When you build an AI product on top of a third-party LLM, you don’t control the model weights. You control everything around it. That constraint turns out to be more of an advantage than a limitation.
After launching Slackbot, a context-aware conversational AI built into Slack, early beta feedback made one thing clear: accuracy was the top concern. For an enterprise workplace tool, this is existential. One bad answer erodes trust, and trust is hard to rebuild. We needed to systematically reduce hallucinations without waiting for the next model release.
We brought the hallucination rate from 12% down to around 5%. Here’s how.
Measuring what matters
You can’t improve what you can’t measure, and measuring hallucination is harder than it sounds. A hallucination isn’t just a wrong answer. It’s an answer that sounds right but isn’t grounded in the source material.
We built a measurement pipeline:
- Sample 500-1000 responses per week from production traffic
- LLM-as-judge for automated classification across hallucination categories
- Human calibration on 100 samples per week, achieving 87% agreement with the automated judge
- Track by category over time to understand which types of hallucinations are improving and which aren’t
The category breakdown matters. Simple factual Q&A has a hallucination rate of 1-5%. Complex reasoning and summarization can run as high as 30%. Treating “hallucination rate” as a single number hides the variance that actually drives your roadmap.
The biggest lever: retrieval
Most people assume hallucinations come from the model making things up.
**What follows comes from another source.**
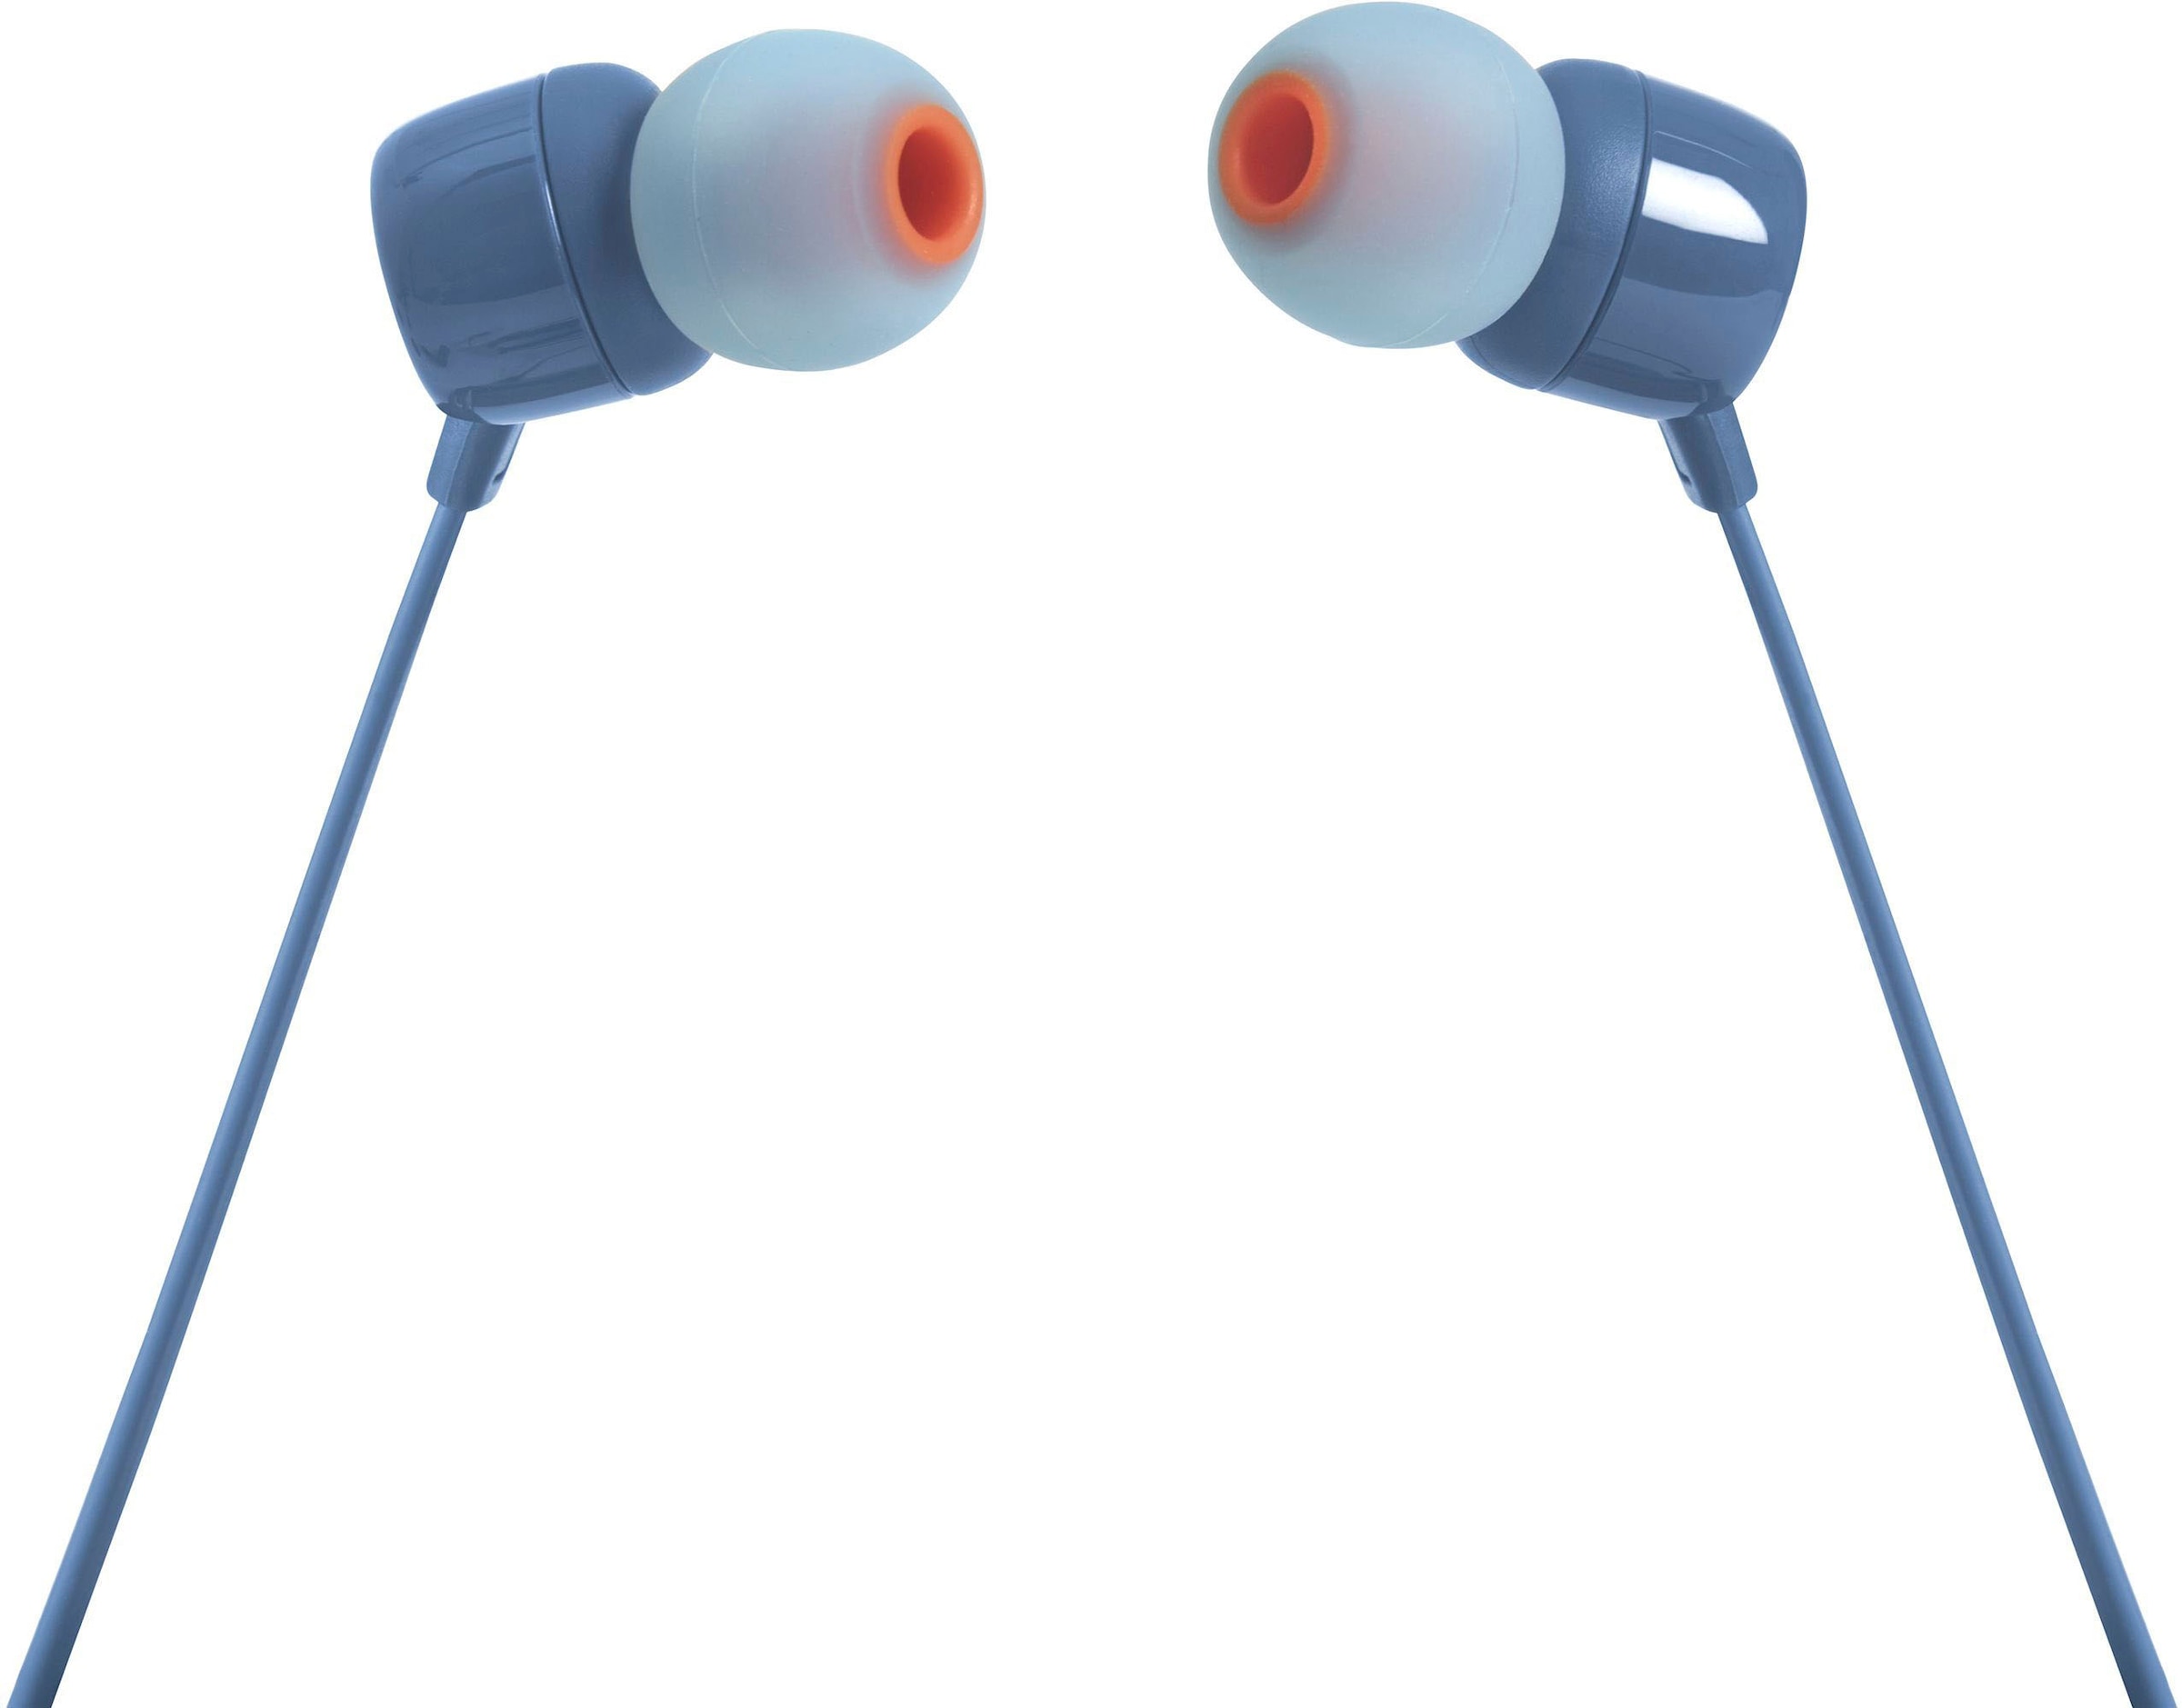 In-Ear-Kopfhörer bei JBL jetzt OTTO kaufen »T110«

In our case, 60% of hallucinations were retrieval failures: wrong messages retrieved, missing recent context, or irrelevant content diluting the signal. The model was faithfully synthesizing bad inputs.
We attacked this on multiple fronts:
Hybrid search. We combined semantic search (embeddings) with keyword search (BM25) to catch both conceptual matches and exact terms. Semantic search alone misses cases where a user asks about a specific project name or acronym. BM25 alone misses paraphrasing and intent.
Query reformulation. Before hitting the search index, we use an LLM to reformulate the user’s query into a more search-friendly form. A question like “what did Sarah say about the Q3 launch timeline?” gets decomposed into targeted retrieval queries.
Recency boosting. If keywords like “recent” or “latest” appear, we boost messages from the last 7 days. This is simple but effective. Most workplace questions are about what happened recently, and retrieving a message from six months ago about a different project with a similar name is a common failure mode.
Prompt engineering as a systematic practice
With retrieval fixed, about 30% of remaining hallucinations were model-side. Our baseline prompt was minimal: just context and a query. We hypothesized that explicit instructions would help, but we needed to test it rigorously.
We designed an A/B test for prompts. This is different from traditional A/B testing because LLM outputs are stochastic and we need to track multiple competing metrics.
Experiment setup:
- Randomization at user level (not request level) to ensure a consistent experience
- 50/50 split, 2,000 users per arm, 20,000+ responses per arm
- 2-week duration to account for novelty effects
What we tested:
The control prompt was basic: “Answer the user’s question based on the messages provided.” The treatment added three explicit instructions:
- “For every claim, cite the source message with author and timestamp”
- “Only use information from provided messages”
- “If the answer isn’t clear, say ‘I couldn’t find this’”
Metrics framework:
- Primary: hallucination rate (LLM-as-judge, calibrated against human review)
- Secondary: thumbs-up rate, regenerate rate, response length
- Guardrails: P99 latency < 5s, hallucination rate < 12% (auto-pause if violated)
We aggregated to user level to account for clustering (users average ~15 queries each) and used clustered standard errors for proper variance estimation. The primary metric was pre-registered to avoid multiple comparison issues.
Results:
- 25% relative decrease in hallucination rate
- 9% increase in P99 latency (200ms), within guardrail
- 10% increase in thumbs-up rate
- 33% decrease in regenerate rate
The latency cost was negligible for the quality gain. We rolled out globally.
Post-processing: the last 20%
The final layer was output validation. We added checks for common failure patterns: responses that reference messages not in the provided context, claims without citations, and confident assertions about topics with no supporting evidence. These get caught and either reformulated or returned with an explicit uncertainty qualifier.
The breakdown
Across our full effort, the improvement attribution was roughly:
- 45% from retrieval fixes (getting the right context to the model)
- 30% from prompt engineering (telling the model how to use the context)
- 20% from post-processing (catching failures after generation)
- 5% from model version updates (new releases during the period)
When you don’t control the model, you control the input, the instructions, and the output validation. That’s enough to cut hallucinations by more than half.
There’s still a long way to go. Task-specific variance remains high, and the hardest cases involve complex multi-step reasoning where the model needs to synthesize across many messages. But the framework is in place: measure systematically, identify the failure category, fix the layer that’s failing, and validate with rigorous experiments.
The takeaway for anyone building on top of LLMs: don’t wait for a better model. Fix the pipeline.